To untangle them, a CIRES-led team has innovated a new, cost-effective technique to efficiently measure methane and a cocktail of associated chemicals in the atmosphere, and to create a kind of chemical identification tag for methane sources.

“Methane is an important greenhouse gas. But it has a high global concentration so it can be challenging to see its specific sources,” said Natalie Kille, CIRES PhD student and lead author on the study published today in the AGU journal Geophysical Research Letters. “This technique allows us to remove the background methane concentrations in our analysis to clearly see unique chemical tracers.”

“Tracers” are chemicals unique to a single source: ethane is a great tracer for oil and gas operations, for example; and ammonia is a tracer for cattle farms, responsible for that unmistakable cow smell. Measuring levels of those two tracers helped the team disentangle sources of methane produced locally by both agriculture and oil and gas operations.
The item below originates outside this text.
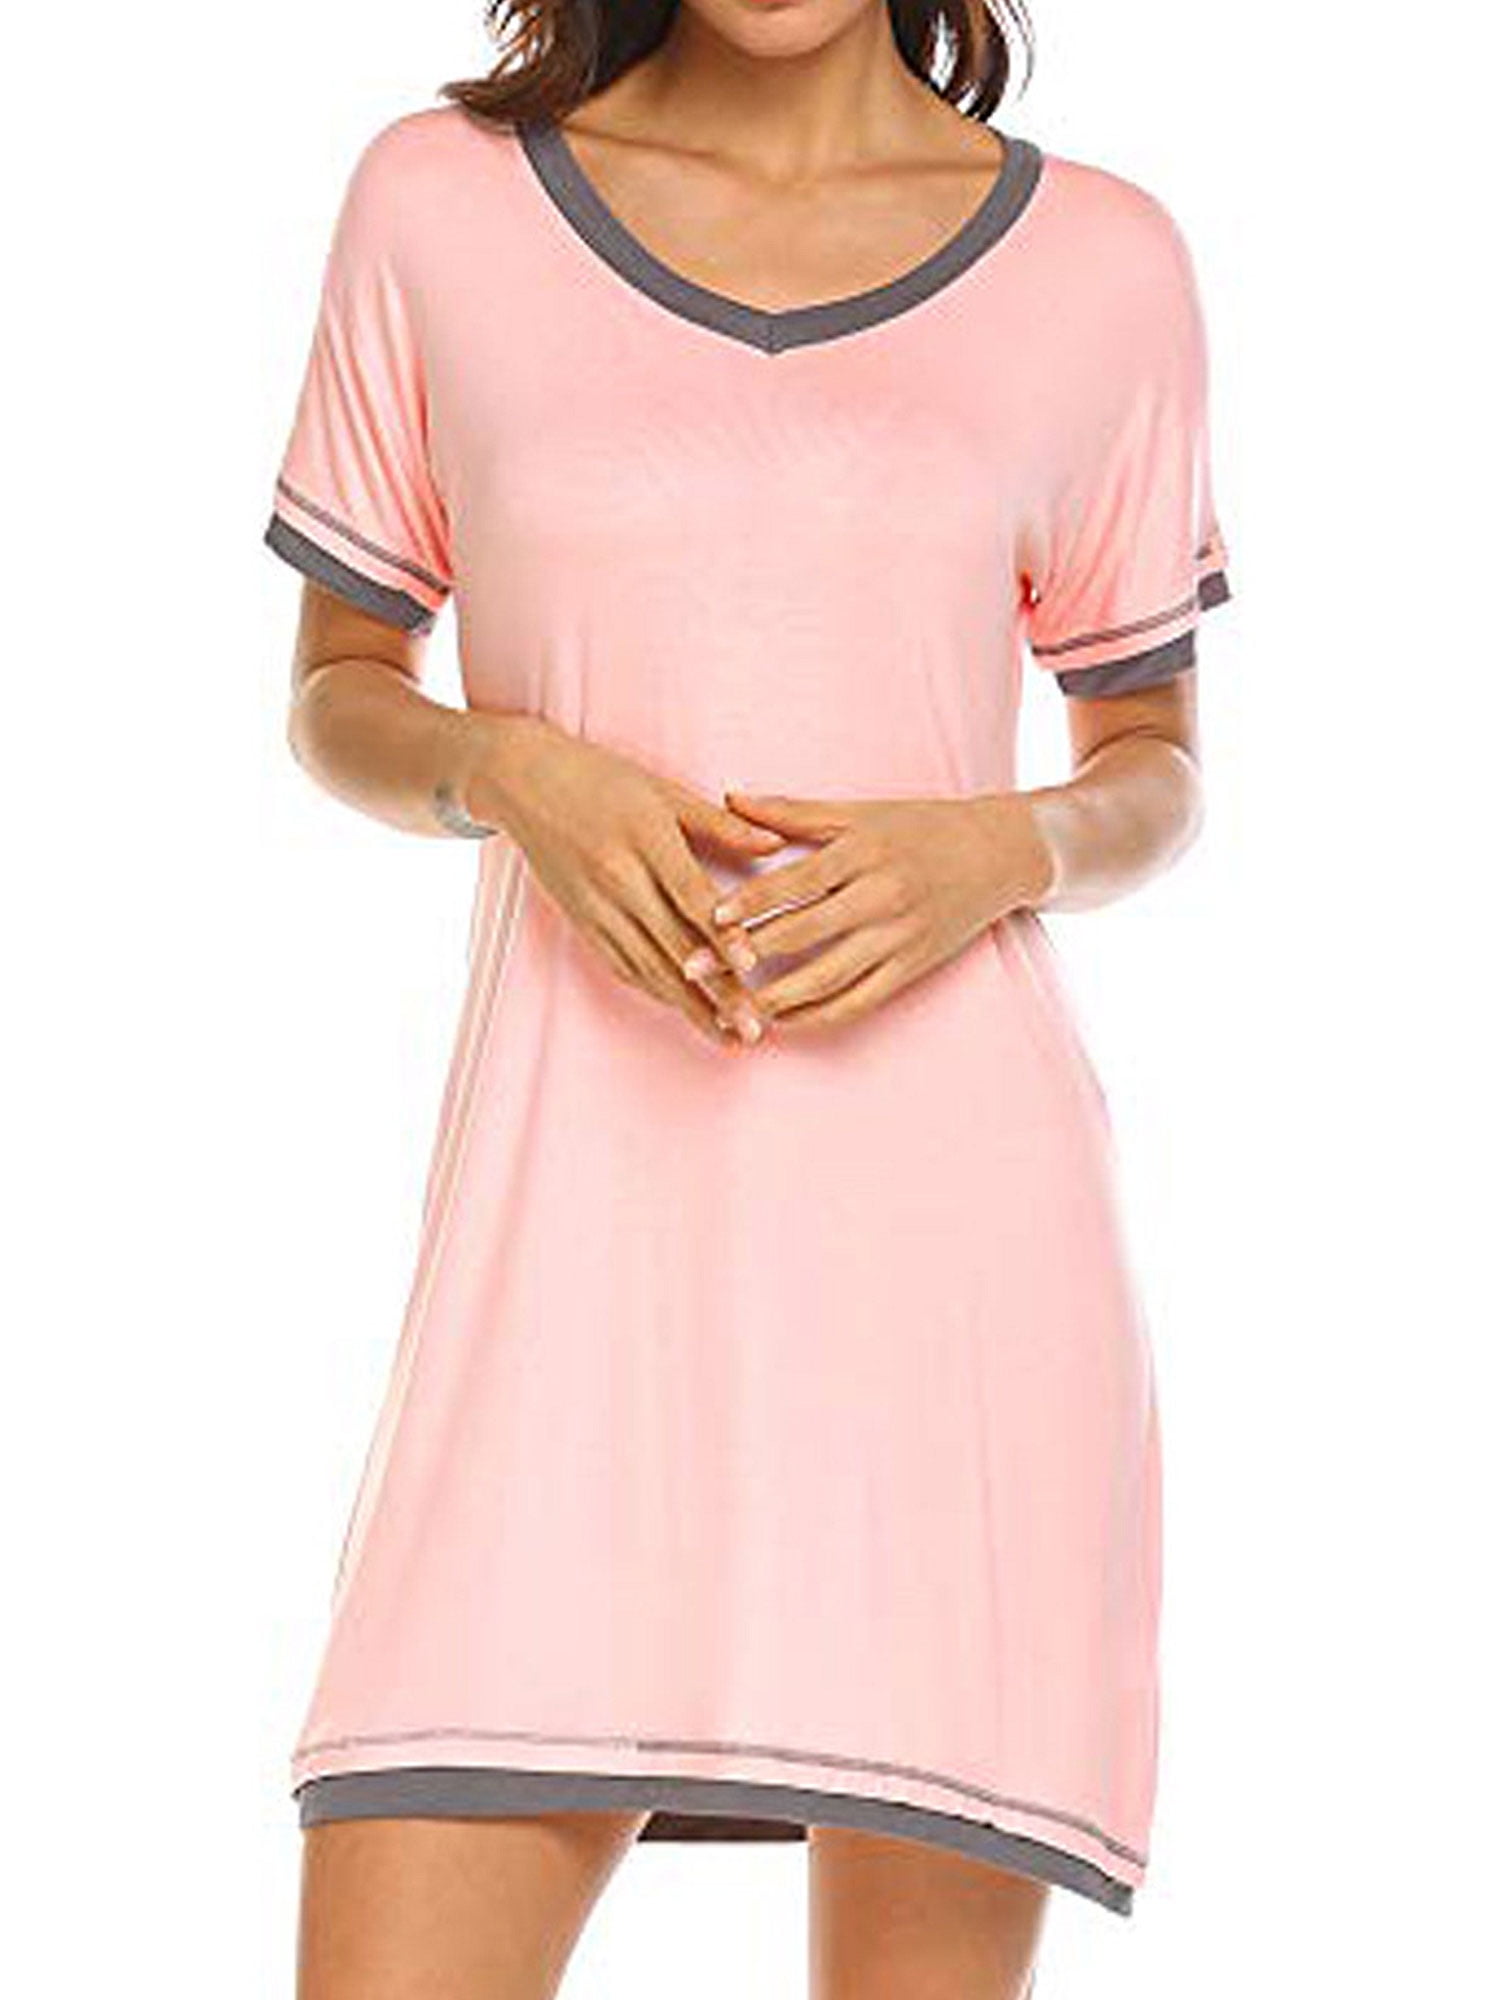 Sleepwear for Women,Womens Nightgown Cotton Sleep Shirt Printed Short Sleeve O Neck Sleep Tee Dresses Nightshirt S-XXL 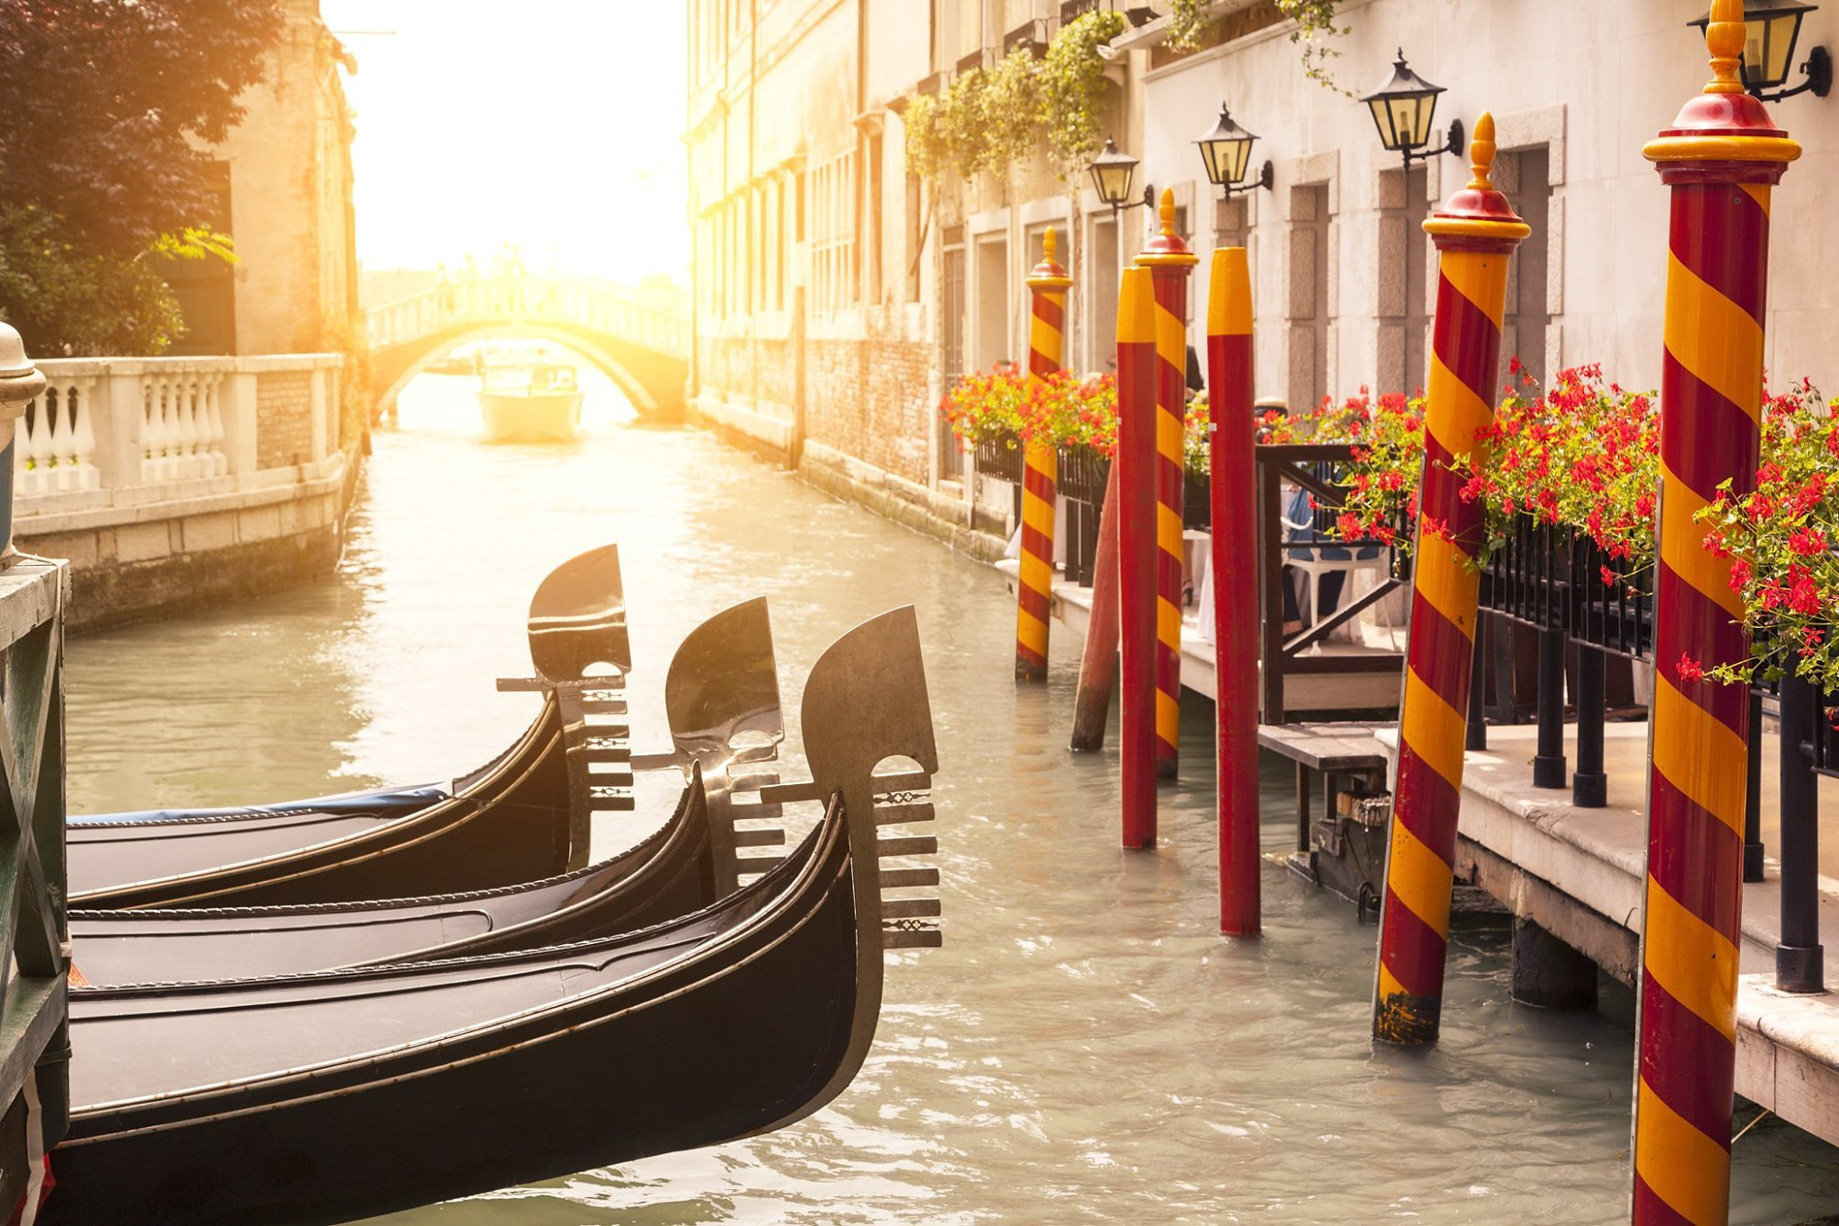 Baglioni Hotel Luna, Venezia – Venice, Italy – Canal

In Colorado, oil and gas operations sit within feet from cattle farms. Photo: Frank Flocke/NCAR

Using instruments that sit on the ground and measure the air above, they can instantly capture a snapshot of chemical concentrations for methane and its tracers in the column of air reaching from the surface all the way up to the top of the atmosphere. The team then uses this information to remove the methane background—a concept known as “excess column”—so that the tracers can take center stage.

“This was the first study to measure excess columns of all these molecules simultaneously,” said Rainer Volkamer, CIRES Fellow, CU associate professor of chemistry, and corresponding author on the study. “This gives us a better handle to separate and quantify methane sources on a regional scale.”

The team set up a network of these small instruments across Colorado’s Front Range. Frank Hase and Thomas Blumenstock with the German Karlsruhe Institute of Technology developed a novel, portable spectrometer capable of highly precise methane measurements. And CIRES/CU Boulder provided Volkamer’s University of Colorado “CU mobile Solar Occultation Flux” instrument that measured the chemical tracers ethane and ammonia. Both devices harness sunlight to identify each molecule by its light absorption fingerprint.

“These two instruments were set up side-by-side in Eaton, Colorado, within what we call the ‘methane dome’ of the Denver-Julesburg Basin,” said Volkamer. “In the areas where natural gas and cattle farming sites are present, methane is emitted, and mixes together from both sources, forming a bubble inside the atmospheric boundary layer that expands and contracts as if its breathing.”

To measure the background concentrations of methane, the team set up two additional KIT instruments (one operated by the National Center for Atmospheric Research) outside the methane dome, in Boulder and Westminster, each about 60 miles away from Eaton. These data helped Kille’ calculate—and then remove—the background concentration of methane to isolate locally produced methane and those two key chemical tracers.

In previous work to untangle sources of methane, scientists have often collected flask samples of air, either from the ground or by aircraft, for detailed analysis back in a laboratory. But some chemicals, including ammonia, can stick to the insides of some canisters, creating challenges.

In this work, the small and portable instruments could be deployed almost anywhere for real-time measurements of the open atmosphere. In Eaton, the team set up in the parking lot behind a bed and breakfast.

Based on data from five days’ worth of measurements in 2015, the team found oil and natural gas operations were responsible for most of the methane produced in the Denver-Julesburg Basin, with agricultural sources providing an important but minor source.

The study also uncovered some baffling observations that will require further exploration: for example, when methane concentrations are very low, the agricultural sources are relatively more significant.

These results could help natural gas operators, cattle farmers, and their regulators make more informed decisions about methane mitigation.

In the future, the researchers hope to generate a long-term time series over multiple seasons to see how methane sources in the region change over time—a feat that becomes possible with low-cost, autonomous sensor networks like this. Scientists could also work towards comparing these data with those gathered from satellites, to develop best practices to inform satellite observations, said Volkamer.

This story originally appeared on the CIRES website. Katie Weeman works for the CIRES Communications Office.